SQL has a long history and has many users, and it has already reached its limit within its model framework. Almost every simple operation can find a corresponding SQL solution, which includes ordered operations.

For example, compared with the previous example: table stock1001 stores the transaction information of a certain stock. The main fields are transaction date transDate and closing price price. Please calculate the growth rate of the closing price of each trading day compared with the previous trading day.

This example belongs to relative position calculation. If you use window functions, SQL is relatively easy to write:

select transDate,price,

             price/lag(price)   over(order by transDate)-1 comp

 from stock1001

But some SQL does not support window functions, the implementation will be much more troublesome than the previous issue:

With A as(SELECT    t1.transDate,t1.price, COUNT(*) AS rk

      FROM stock1001 AS t1,

           stock1001 AS t2

       WHERE t1.transDate   >t2.transDate or (t1.transDate=t2.transDate and t1.price<=t2.price)

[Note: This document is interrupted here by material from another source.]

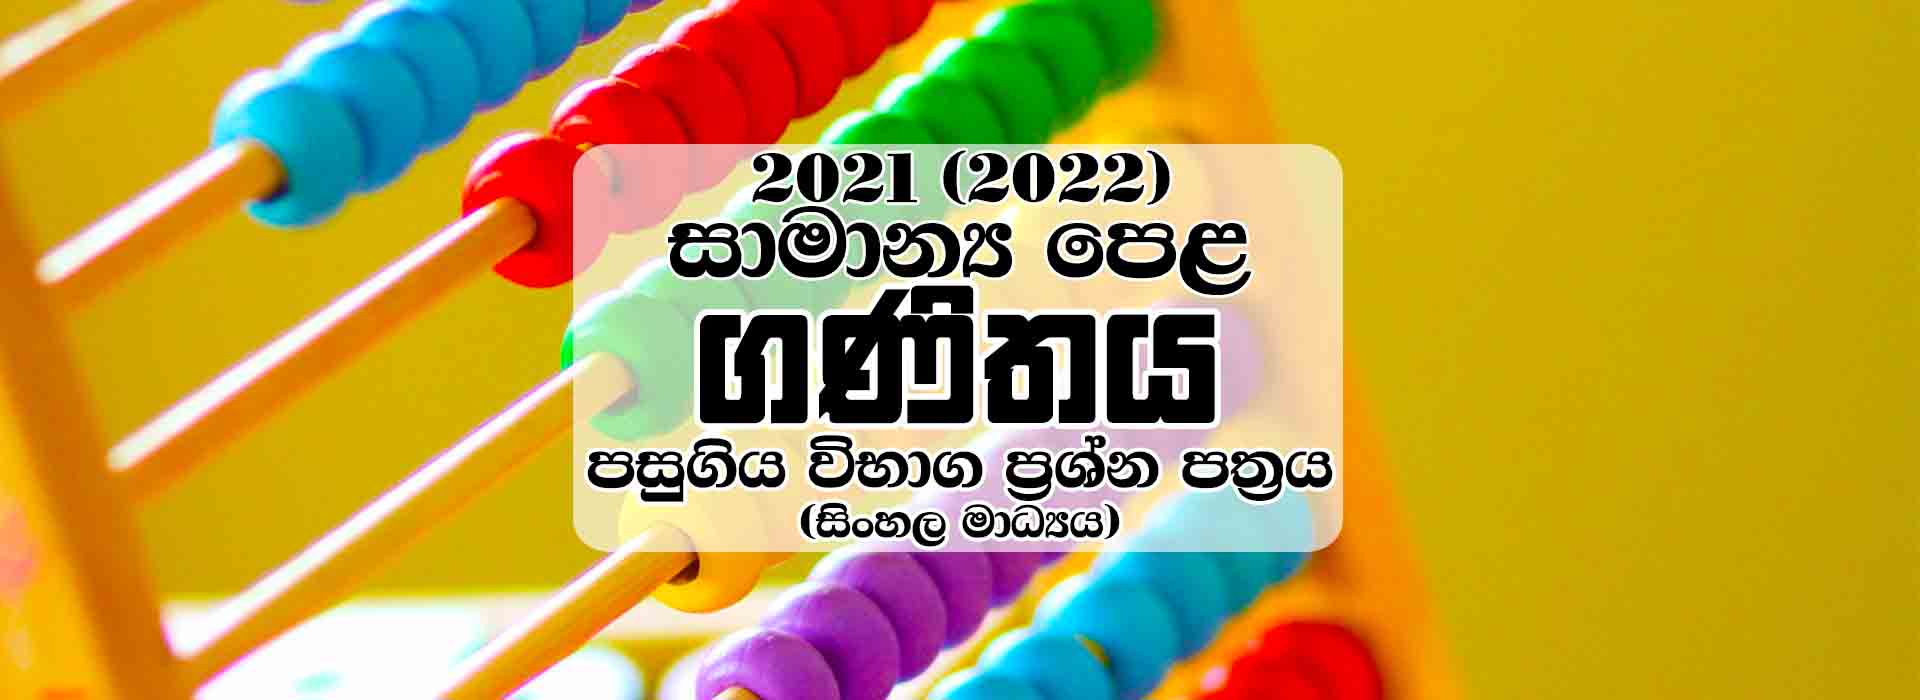 Free Download 2021 (2022) G.C.E Ordinary Level Mathematics Past Paper - Sinhala Medium, 2021 අ.පො.ස. සාමාන්‍ය පෙළ ගණිතය ප්‍රශ්න පත්‍රය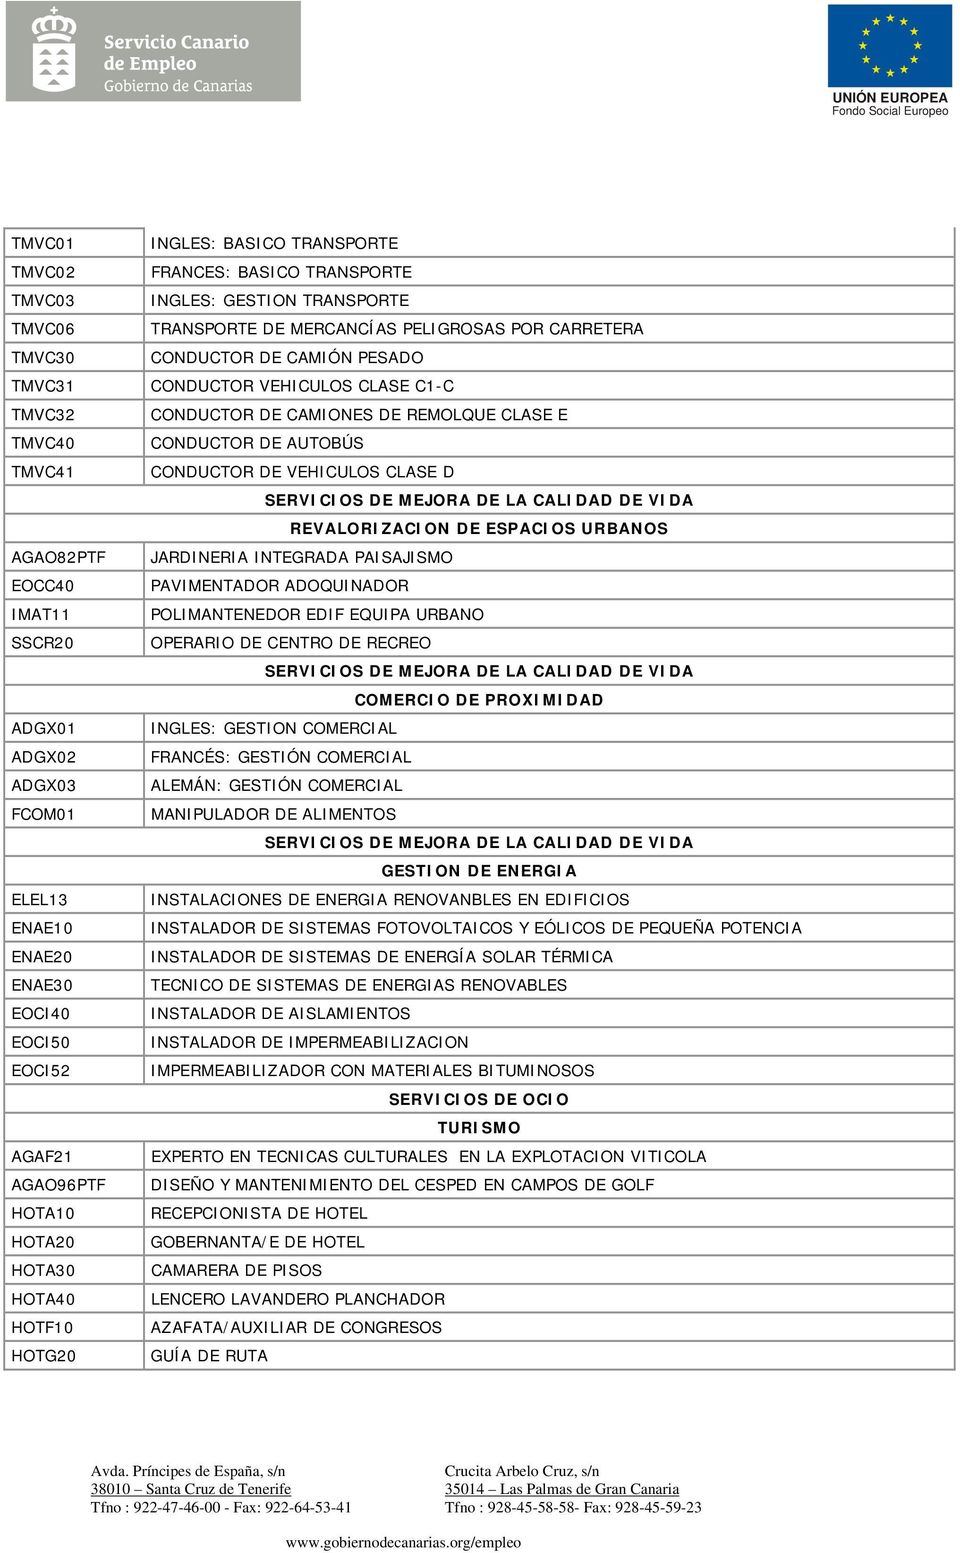 CONDUCTOR VEHICULOS CLASE C1-C CONDUCTOR DE CAMIONES DE REMOLQUE CLASE E CONDUCTOR DE AUTOBÚS CONDUCTOR DE VEHICULOS CLASE D REVALORIZACION DE ESPACIOS URBANOS JARDINERIA INTEGRADA PAISAJISMO

      GROUP BY  t1.transDate, t1.price

      ORDER BY rk)

select t1.transDate,(t1.price/t2.price-1) comp  from A as t1 left join  A as t2

on t1.rk=t2.rk+1

The above code is troublesome, first of all, because SQL is based on unordered collections, it does not have a sequence number, and it is inconvenient to perform ordered operations. In order to achieve ordered operations, it is necessary to forcibly create a sequence number column for unordered collections. This process requires self The code for association and grouping is more complicated. Secondly, it is a relative position calculation compared to the previous issue. If SQL has a relative sequence number, this calculation will be much simpler, but SQL does not have a relative sequence number, so you can only associate the previous row to this row, and the adjacent position calculation is realized in disguise, and the code becomes complicated. .

SQL based on unordered sets is inconvenient to implement ordered operations. Although window functions can alleviate this situation, it will still be troublesome if the operations are complex.

For example, the median example: the scores table stores student scores. The main fields include student number studentdid and math score math. Please calculate the median of math scores. The definition of the median is: if the total number of records L is an even number, it returns the average of the middle two values ​​(the serial numbers are L/2 and L/2+1 respectively); if L is an odd number, it returns the only median value (the serial number Is (L+1)/2).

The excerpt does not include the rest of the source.